Are Ti-producing supernovae exceptional?

¹ Department of Physics and Astronomy, Clemson University, Clemson, SC 29634-0978, USA e-mail: tlihsin@clemson.edu
² Max-Planck-Institut für Extraterrestrische Physik, Postfach 1312, 85741 Garching, Germany
³ Skobeltsyn Institute of Nuclear Physics, Moscow State University, Vorob'evy Gory, 119992 Moscow, Russia
⁴ Cyclotron Center, RIKEN, Hirosawa 2-1, Wako 351-0198, Japan

Received: 1 December 2005
Accepted: 15 December 2005

Abstract

According to standard models supernovae produce radioactive ⁴⁴Ti, which should be visible in gamma-rays following decay to ⁴⁴Ca for a few centuries. ⁴⁴Ti production is believed to be the source of cosmic ⁴⁴Ca, whose abundance is well established. Yet, gamma-ray telescopes have not seen the expected young remnants of core collapse events. The ⁴⁴Ti mean life of τ  89 y and the Galactic supernova rate of 3/100 y imply several detectable ⁴⁴Ti gamma-ray sources, but only one is clearly seen, the 340-year-old Cas A SNR. Furthermore, supernovae which produce much ⁴⁴Ti are expected to occur primarily in the inner part of the Galaxy, where young massive stars are most abundant. Because the Galaxy is transparent to gamma-rays, this should be the dominant location of expected gamma-ray sources. Yet the Cas A SNR as the only one source is located far from the inner Galaxy (at longitude 112°).

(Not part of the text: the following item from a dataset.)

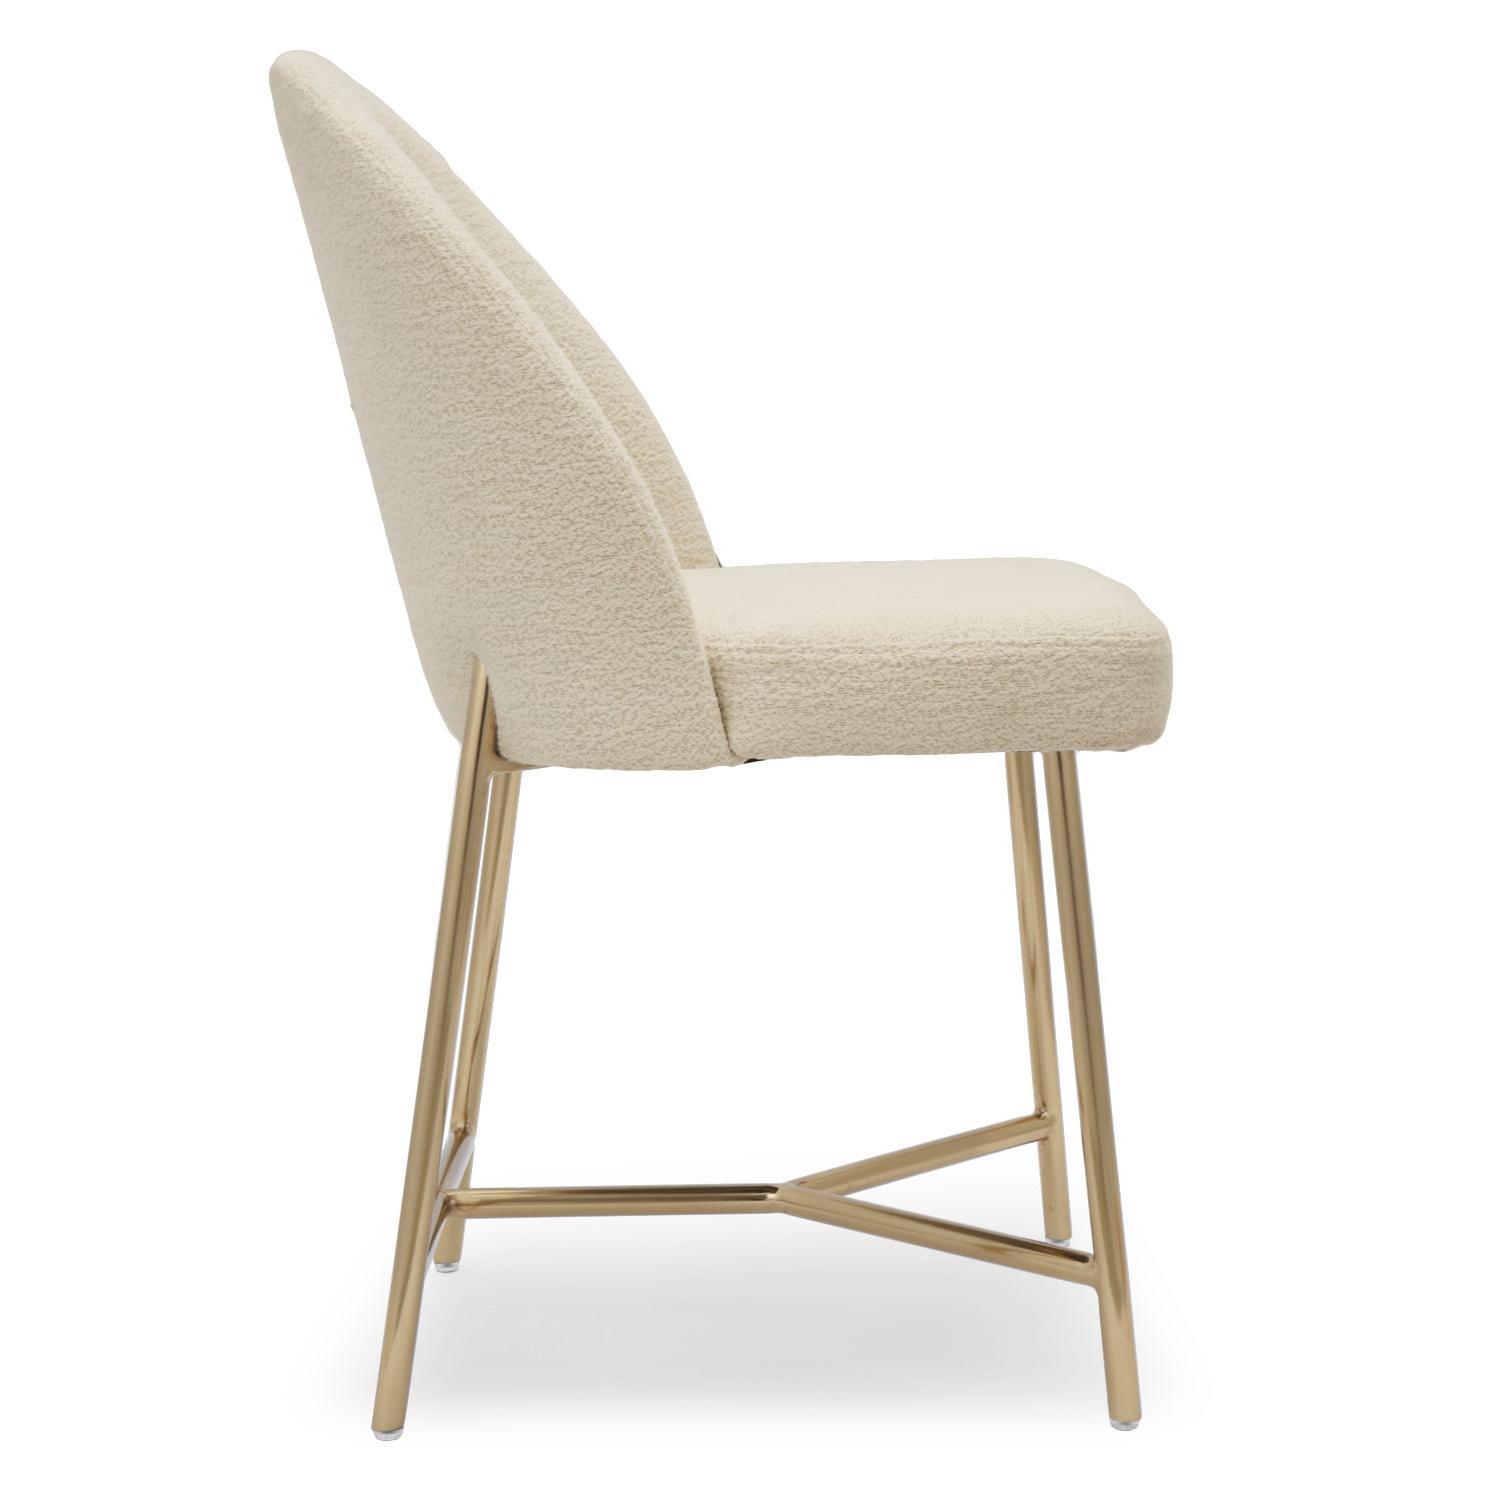 Elegant Fabric Lounge Dining Chair Featured Image

We evaluate the surprising absence of detectable supernovae from the past three centuries. We discuss whether our understanding of SN explosions, their ⁴⁴Ti yields, their spatial distributions, and statistical arguments can be stretched so that this apparent disagreement may be accommodated within reasonable expectations, or if we have to revise some or all of the above aspects to bring expectations in agreement with the observations. We conclude that either core collapse supernovae have been improbably rare in the Galaxy during the past few centuries, or ⁴⁴Ti-producing supernovae are atypical supernovae. We also present a new argument based on ⁴⁴Ca/⁴⁰Ca ratios in mainstream SiC stardust grains that may cast doubt on massive-He-cap type I supernovae as the source of most galactic ⁴⁴Ca.